So a populist wins in Colombia, and the pundits wring their hands about UK-Colombia trade ties. As if trade were the only thing at stake. Let us consider the deeper rot.
The man is a Trump acolyte, a creature of the same global wave that has already crashed against the shores of Britain, America, and Hungary. But Colombia? That is a different beast.
Here, the liberal establishment has been propped up by decades of American aid, by the narcotics war, by a peace process that left the countryside bleeding. And now the people have spoken. They have chosen a strongman, a nationalist, a man who promises order over freedom, sovereignty over globalism.

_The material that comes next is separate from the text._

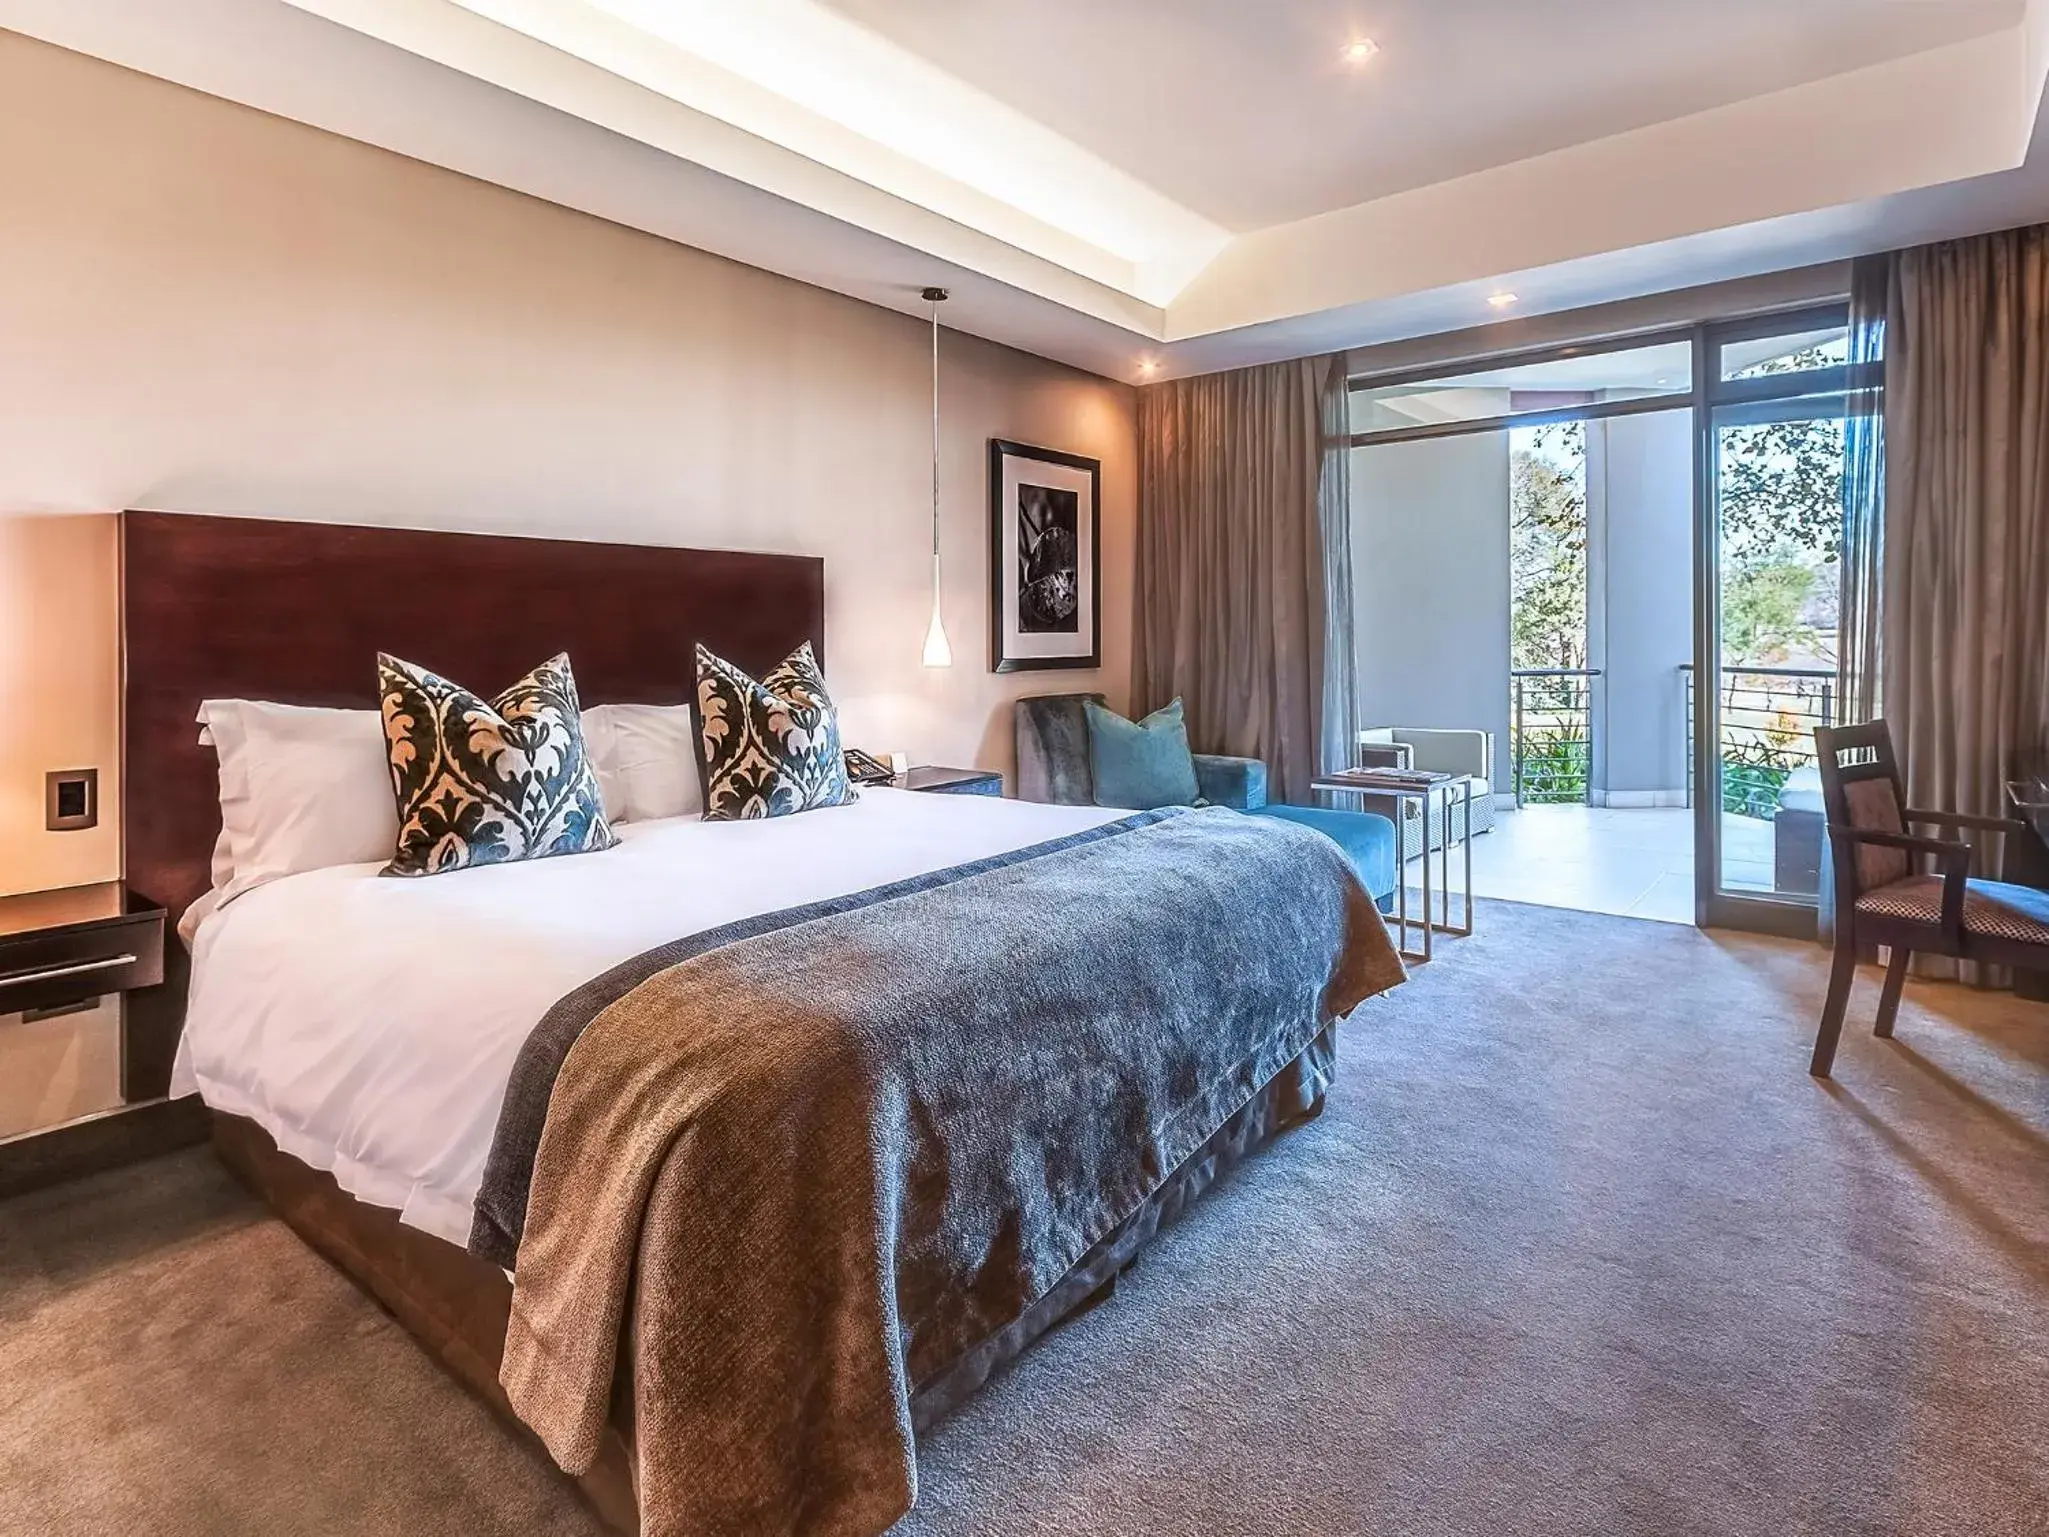 Luxury Double Room - single occupancy in The Fairway Hotel, Spa & Golf Resort
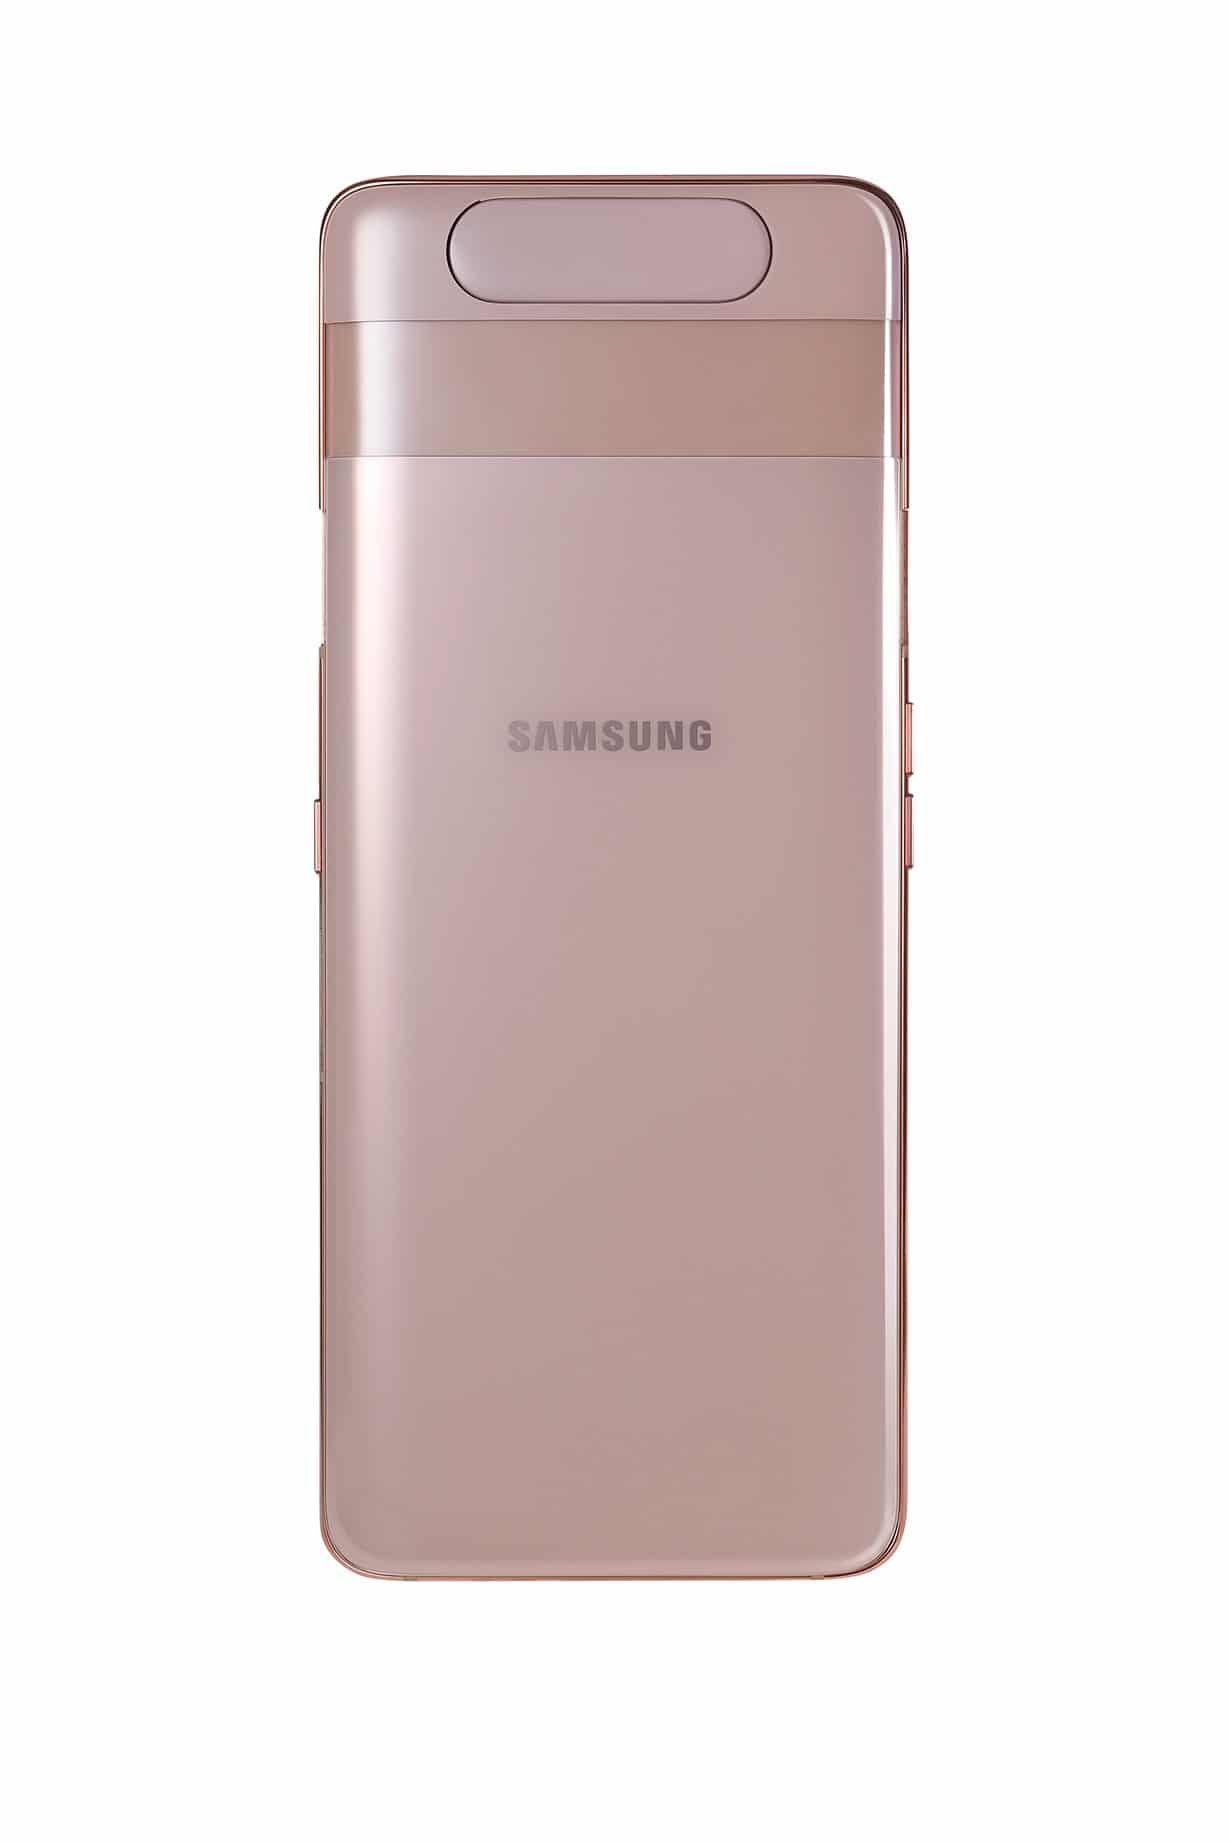 Samsung เปิดตัว Galaxy A80 กล้องหมุนได้ แจ่มทั้งหน้าและหลัง 7

The parallels to the Weimar Republic are not exact, but they are instructive. The liberal centre, having failed to deliver prosperity or security, is now despised. The UK, bound by a trade agreement that assumed a stable, pro-Western Colombia, must now deal with a government that may nationalise, that may reject the Paris Accord, that may cosy up to Putin.
But here is the rub: the UK’s own flirtation with populism, with Brexit, has disarmed it ideologically. How can London preach liberal values when it has itself rejected the European project? The decadence is mutual.
Intellectuals like me have long warned that the post-1990 consensus was a house of cards. Now the wind blows, and the cards scatter. The real test is not trade; it is whether the West can survive its own contradictions.